Some countries, like China and India, have already started to introduce new technologies to mobilize their communities. Such technologies will help innovate and increase productivity, which will be reflected in the livelihoods of the populace. Such infrastructure includes mobility solutions, cloud computing, and analytics to fuel demand, giving a birth certificate to new business models of education,  finance, and science in alignment with the “triple helix” model. This creates a pressing need to form innovation clusters to develop a new economic growth strategy, in order to further develop other sectors of the economy that are advantageous to any country, through high technologies and services.

Neo-industrialization helps to handle many issues such as unemployment, the environment and ecosystems, energy, and resources. It also helps to speed up market reform and to encourage invention and creation. Neo-industrialization helps to intensify resource and energy management and helps the business enterprise to be the main location of technical innovation and development.

Emerging Markets, Global Economic Growth Engine

Nowadays, the emerging markets function as the world’s economic growth engine, and they have become the darlings of the international media.  In the past, the emerging markets were lucrative as sources rich in raw materials and natural resources. At present they provide very good investment opportunities, as promising markets with their rapid population growth, sustained economic development, and the surge of the middle class, making Western companies vie for these markets.

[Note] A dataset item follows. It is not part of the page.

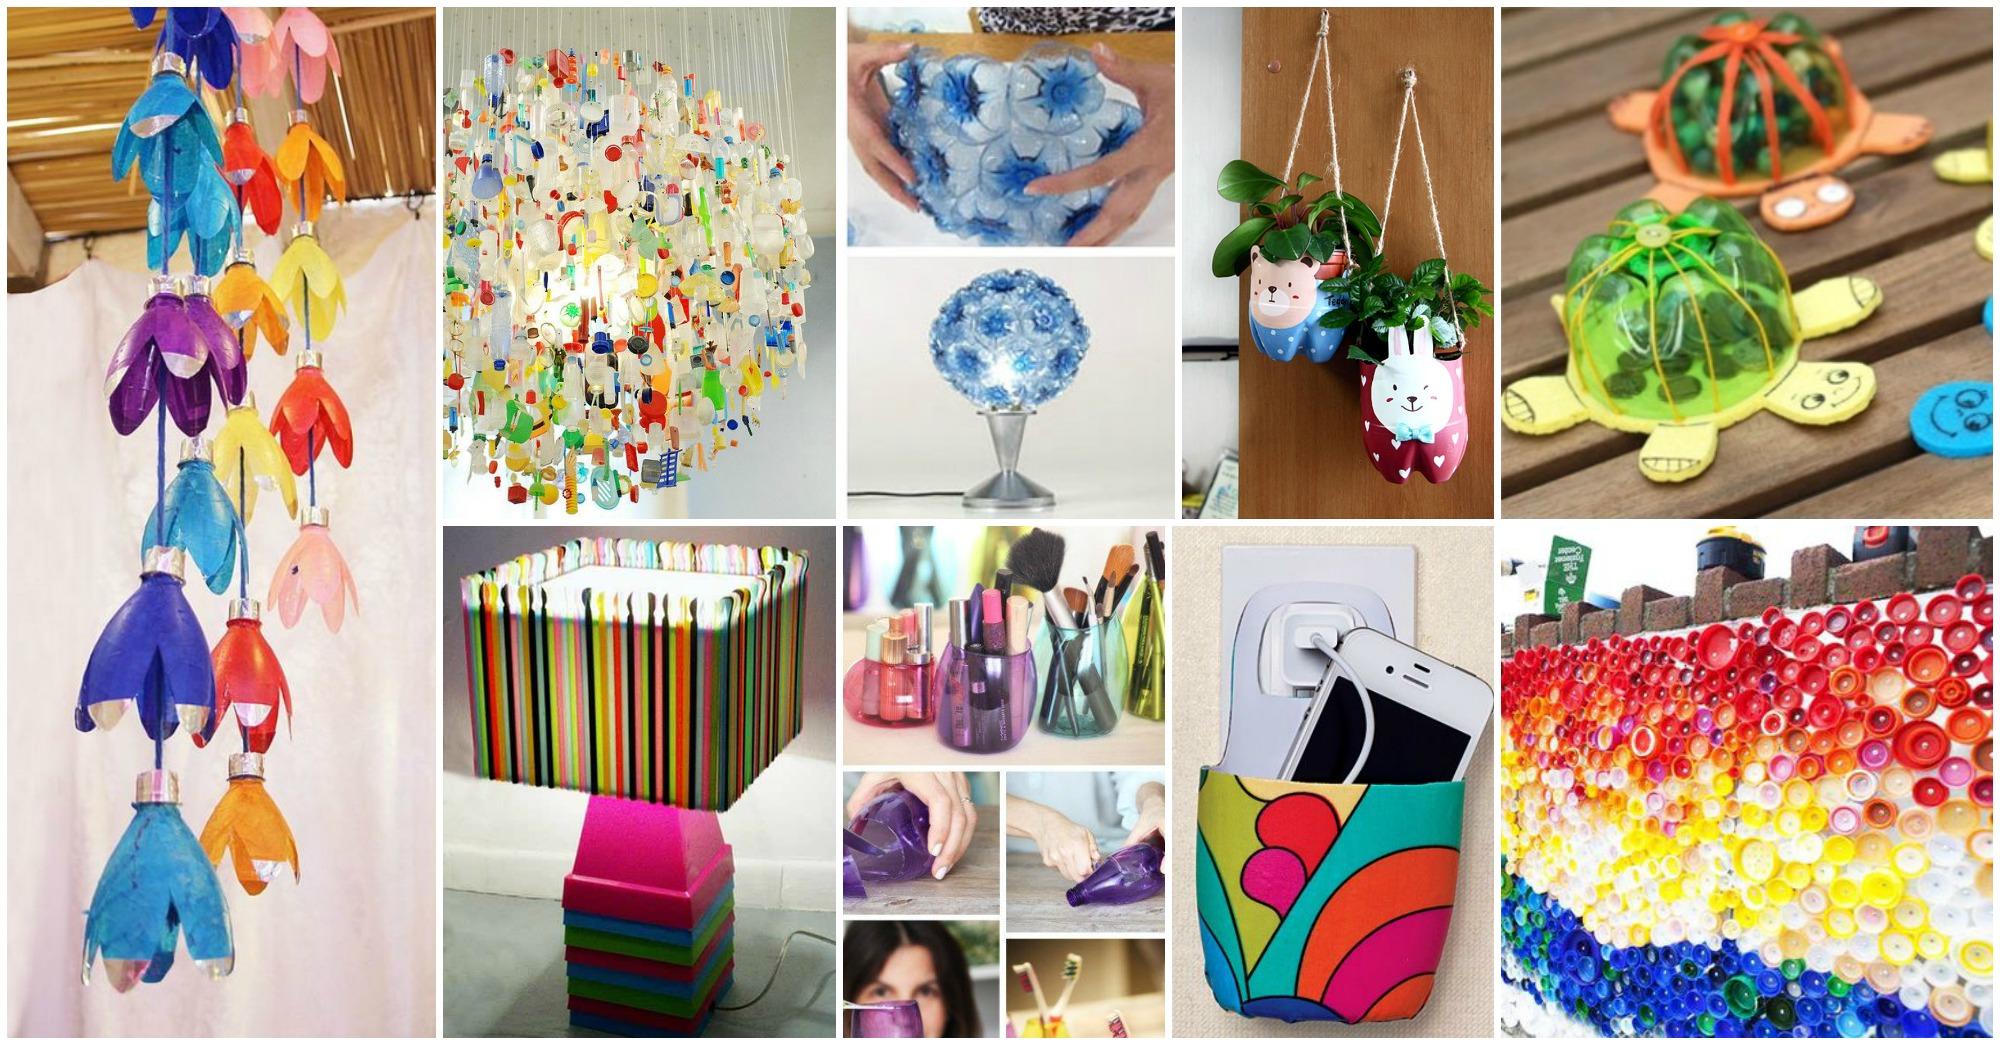 Diy creative recycled plastic crafts for Ideas para decorar tu casa reciclando

The Organization for Economic Cooperation and Development (OECD) estimates that 70% of world economic growth in the coming few years will stem from emerging markets. China and India will account for 40% of it. Moreover, the International Monetary Fund (IMF) forecasts that the total GDP of emerging markets will overtake that of the developed economies by 2014.

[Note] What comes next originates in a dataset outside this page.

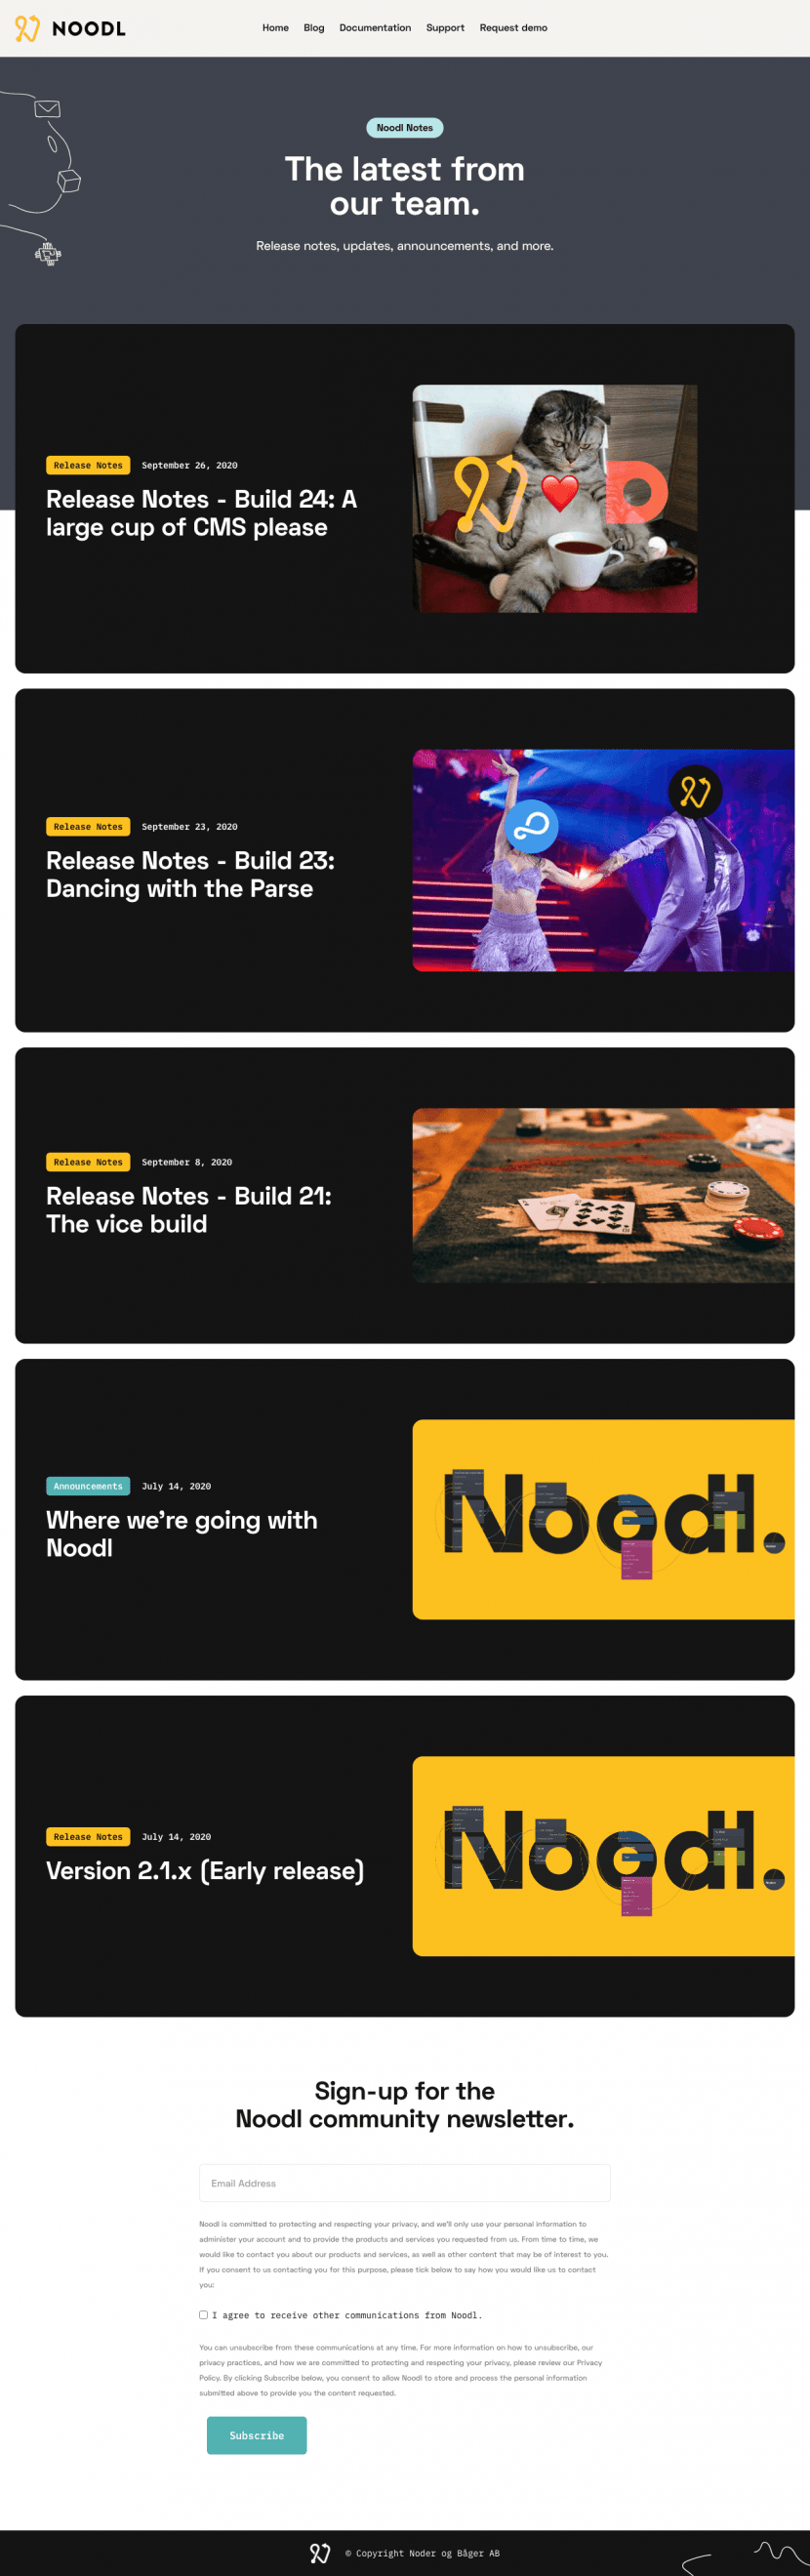 noodl-blog-page

According to the IMF, emerging markets will attract almost 50% of global inflows of foreign direct investment (FDI) in the future. The Fund reports that the best spots are Africa, the Middle East, the BRICS countries, and some other Asian markets, and expects that by 2020, the BRICS will account for nearly 50% of all global GDP growth.

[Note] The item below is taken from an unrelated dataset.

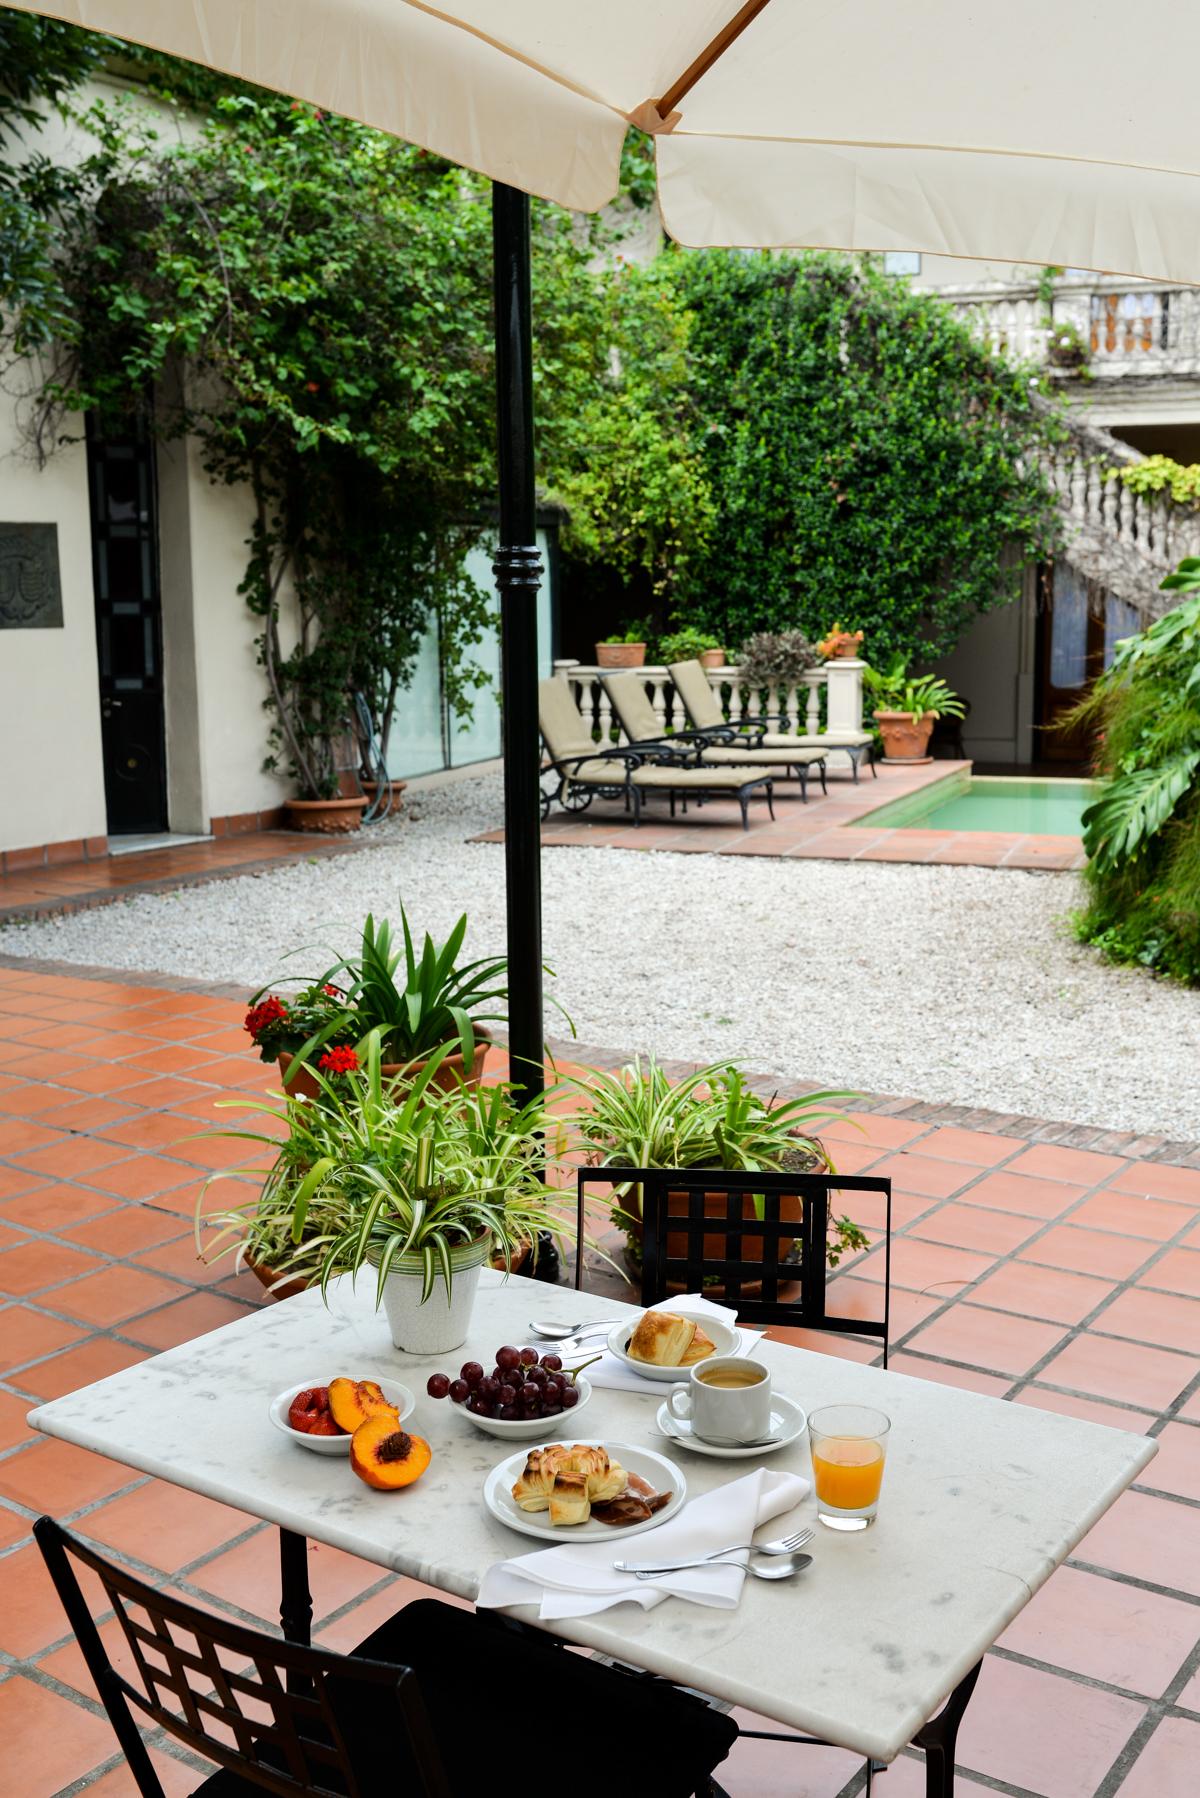 Stacie-Flinner-San-Isidro-Hotel-Del-Casco-4

By 2050, the world’s population is expected to reach 9.1 billion. It is estimated that the combined purchasing power of the global middle classes will more than double by 2030 to US$56 trillion. Over 80% of this demand will come from Asia, which alone needs approximately US$7.5 trillion in investments by 2020, with innovation and high technology becoming the battleground. Billions of new middle-class consumers in the emerging markets will need new sectors of the economy to address their needs, using innovation and high technology to improve their living conditions.  Among the biggest trends in the coming few years will be a shift towards virtualization technologies and digitization, whereby many businesses will shift towards cloud computing and high technologies, as these have proved much more efficient and productive. This will help create more jobs and enhance growth. 

Thus, tomorrow’s workforce will have to focus on how to develop their skills, to be able to work productively and continuously. Technology can create mammoth empowerment, while the core of globalization and neo-industrialization is the reduction of time and space in global business deals through platforms of new technologies and innovations.